L'anglais moderne est un amalgame de l'anglo-saxon, issu des invasions de tribus germaniques entre le IVe et le VIe siècles, et du français apporté au XIe siècle par les Normands à la suite de la Conquête cf. les cows, sheep et pigs élevés par les serfs anglo-saxons et le boeuf (angl. beef), mouton (angl. mutton) et porc (angl. pork) mangés par seigneurs normands. Voilà des éléments de linguistique historique, ou diachronique ; celle-ci s'oppose à la linguistique synchronique, qui va nous intéresser plus particulèrement dans ce cours sur le français moderne. Diachronie et synchronie sont, comme beacoup de termes scientifiques, des mots grecs : dia- "à travers" (comme dans diagonal, dialogue, diaspora) + chronie "temps" ; syn- "avec (dans le temps ou l'espace)" (comme dans synchronicité, synergie, synonymie, synthèse). Sur l'axe diachronique on peut étudier l'évolution de la langue ; sur l'axe synchronique on étudie un état de langue ; on peut comparer deux synchronies, par exemple le "français de Molière" et le français d'aujourd'hui pour observer les différences entre un état et un autre. Le français d'aujourd'hui est parlé par des enfants, des jeunes, des adultes et des vieux, chaque groupe employant, dans des proportions variables, des termes soit nouveaux, soit établis, soit archaïsants (sans parler de différences géographiques ou sociolinguistiques) on parlera d'une synchronie épaisse, d'environ soixante ou soixante-dix ans (la synchronie absolue n'existe que comme notion abstraite).
La linguistique se veut objective, c'est-à-dire descriptive, et non subjective et prescriptive, comme c'est le cas de certains grammaires et dictionnaires. La linguistique tient compte de la norme et de l'usage ou des usages. La norme est liée au pouvoir, exercé autrefois par le roi (cf. "le roué c'est moué", L&B, p. 3) et aujourd'hui par les grands médias (dont la radio, la télévision, la presse écrite, les dictionnaires). L'usage, ou les usages, étai(en)t celui ou celle de ce qu'on appelait autrefois le peuple et aujourd'hui "le Français moyen" (ou "le Québécois moyen", etc.).
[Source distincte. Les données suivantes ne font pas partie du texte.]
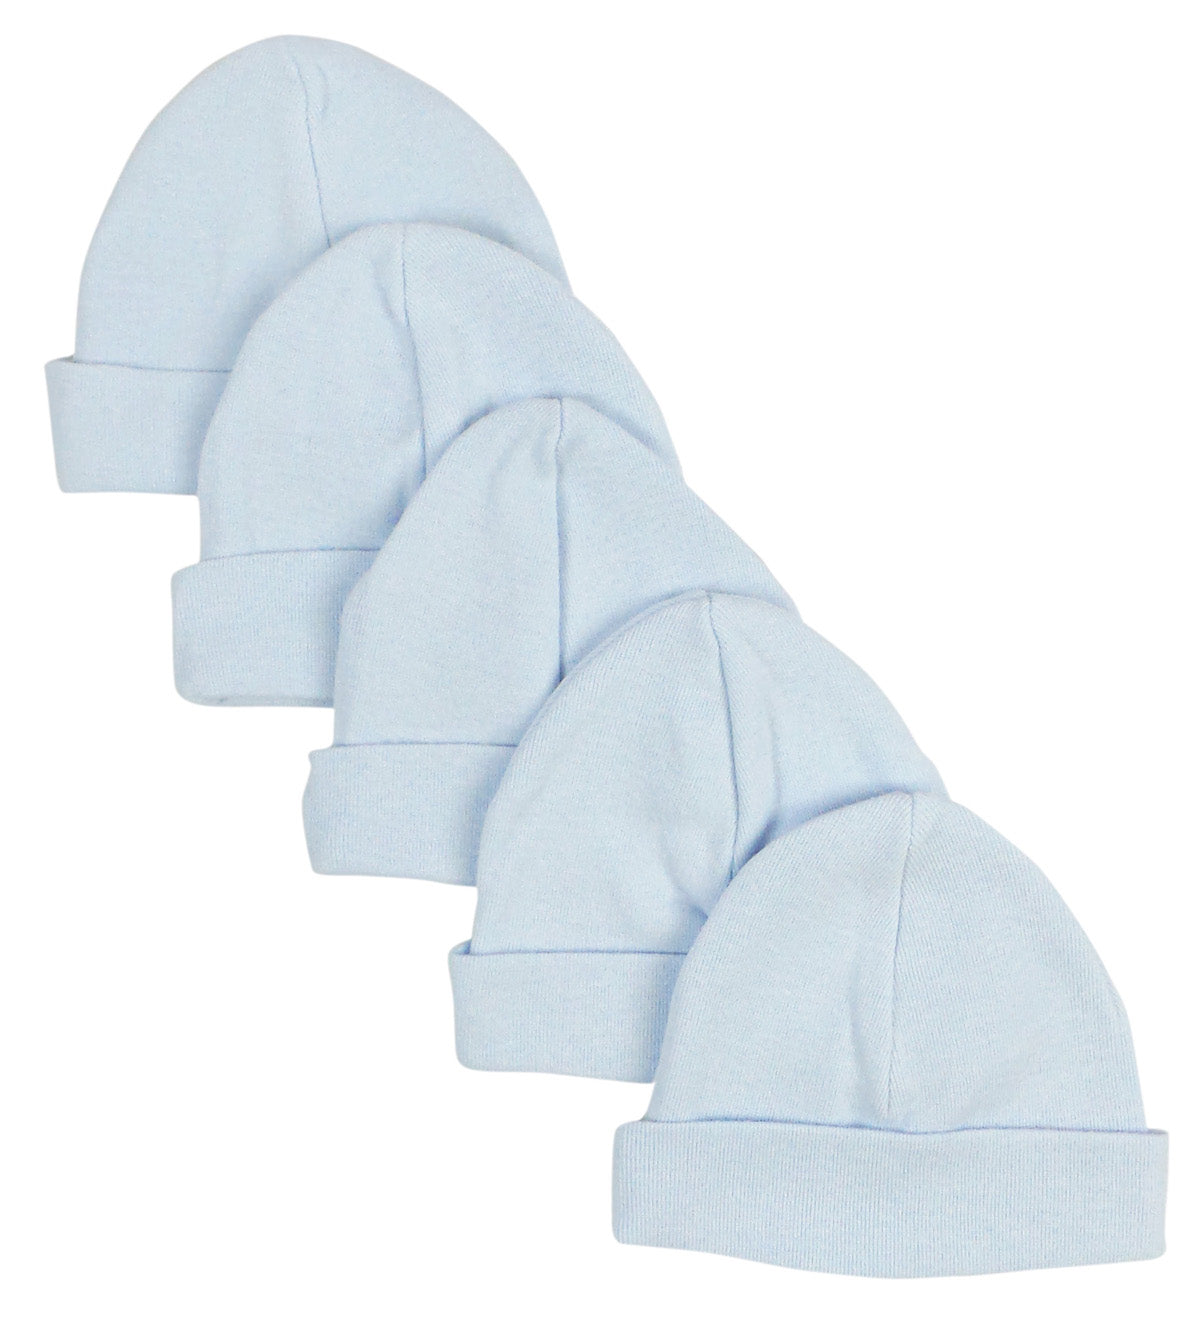 Blue Baby Cap (Pack of 5) 031-BLUE-5

Le sujet parlant (c'est-à-dire l'individu parlant ou écrivant sa langue) est plus conscient de la norme (par exemple, le français standard) quand il écrit (acte réfléchi) que quand il parle (acte spontané). Il emploie différents registres selon qu'il écrit ou qu'il parle, qu'il s'adresse à un inconnu ou à un ami ou proche ; pour illustrer cette distinction dans le contexte présent, un étudiant a tendance à s'exprimer différemment selon qu'il s'adresse à un camarade de classe ou au professeur. Il y a trois registres principaux : le registre familier d'une conversation avec un ami ou membre de la famille ou dans un message écrit adressé à un ami ou membre d'un même groupe d'âge ou d'intérêt ; le registre neutre ou ordinaire employé dans la conversation ou par écrit, qui ne montre ni familiarité, ni soin particulier ; le registre formel ou soutenu ou soigné, qui cherche à produire un effet de respect de l'autre. Cf. les exemples donnés par L&B (p. 4) : Ça va? (au lieu du neutre cela) = registre familier ; Comment allez-vous? = français neutre ; Je suis ravi de faire votre connaissance = registre soutenu.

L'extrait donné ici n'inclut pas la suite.